5. A method for operating a hydraulic travel drive including a primary hydraulic machine, a secondary hydraulic machine connected to the primary hydraulic machine in a closed hydraulic circuit via a first working line and a second working line, a first accumulator being connectable via a first valve to the first working line and via a second valve to the second working line, and a second accumulator being connectable via a third valve to the first working line and via a fourth valve to the second working line, the valves being switching valves, the method comprising:

recognizing a braking mode of the travel drive;

comparing a pressure in the working line carrying high pressure with a pressure of the first accumulator;

connecting the first accumulator to the working line carrying high pressure and connecting the second accumulator to the working line carrying low pressure;

comparing the pressure in the working line carrying high pressure with the pressure of the first accumulator;

separating the two accumulators from the two working lines;

recognizing a travel mode of the travel drive;

comparing the pressure in the working line carrying high pressure with the pressure of the first accumulator; and

connecting the first accumulator to the working line carrying high pressure and connecting the second accumulator to the working line carrying low pressure.

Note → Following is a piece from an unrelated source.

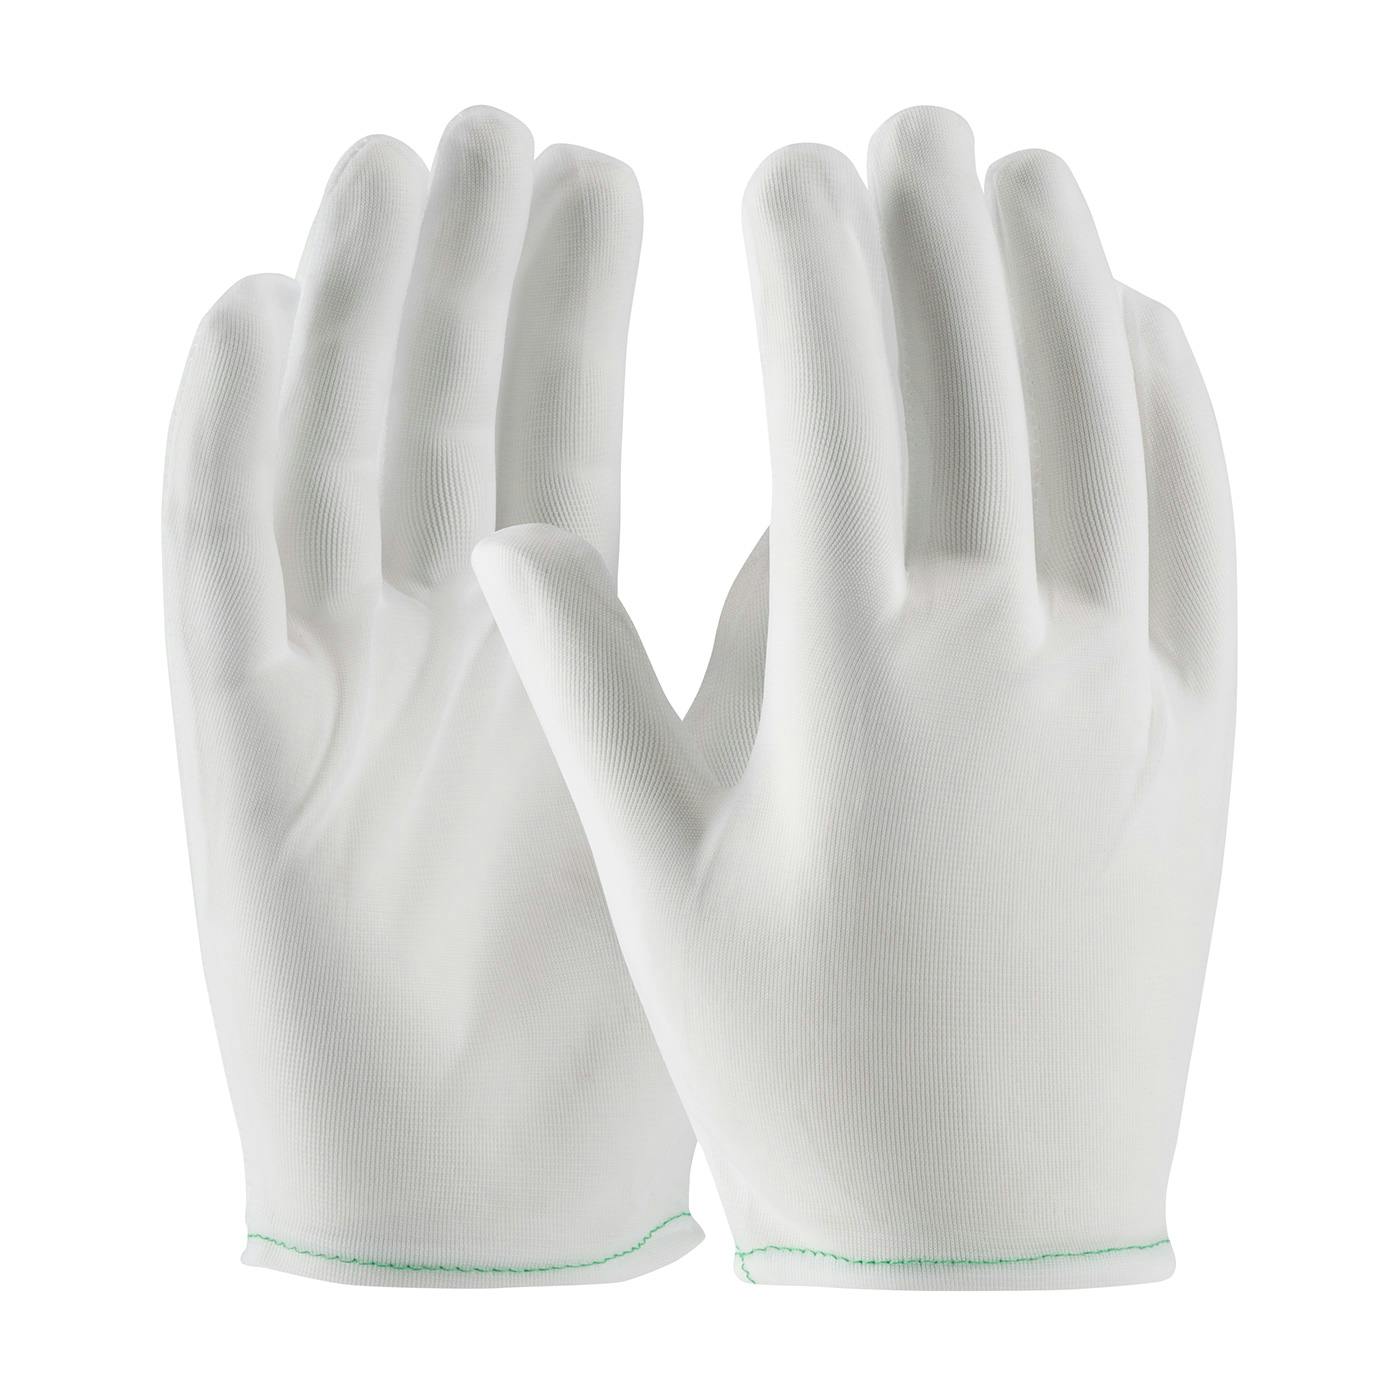 CleanTeam® 40 Denier Tricot Inspection Glove with Rolled Hem Cuff - Men's (98-740)

6. The method according to claim 5, further comprising, in the braking mode after the connection of the first accumulator to the working line carrying high pressure and the connection of the second accumulator to the working line carrying low pressure, regulating braking torque by setting a pivot angle of the secondary hydraulic machine.

7. The method according to claim 5, further comprising, in the braking mode after the separation of the two accumulators from the two working lines, regulating braking torque via high-pressure valves of the primary hydraulic machine.

8. The method according to claims 5, further comprising, in the travel mode after the connection of the first accumulator to the working line carrying high pressure and the connection of the second accumulator to the working line carrying low pressure, regulating travel by setting a pivot angle of the secondary hydraulic machine.

9. The method according to claim 8, further comprising regulating travel by setting a pivot angle of the primary hydraulic machine.

10. The method according to claim 5, wherein respective rotational speeds and respective inlet and outlet pressures of the hydraulic machines are used to recognize the braking mode and the travel mode.

11. The method according to claim 5, further comprising storing a pressure value of the first accumulator in the control unit before the separation of the two accumulators from the two working lines.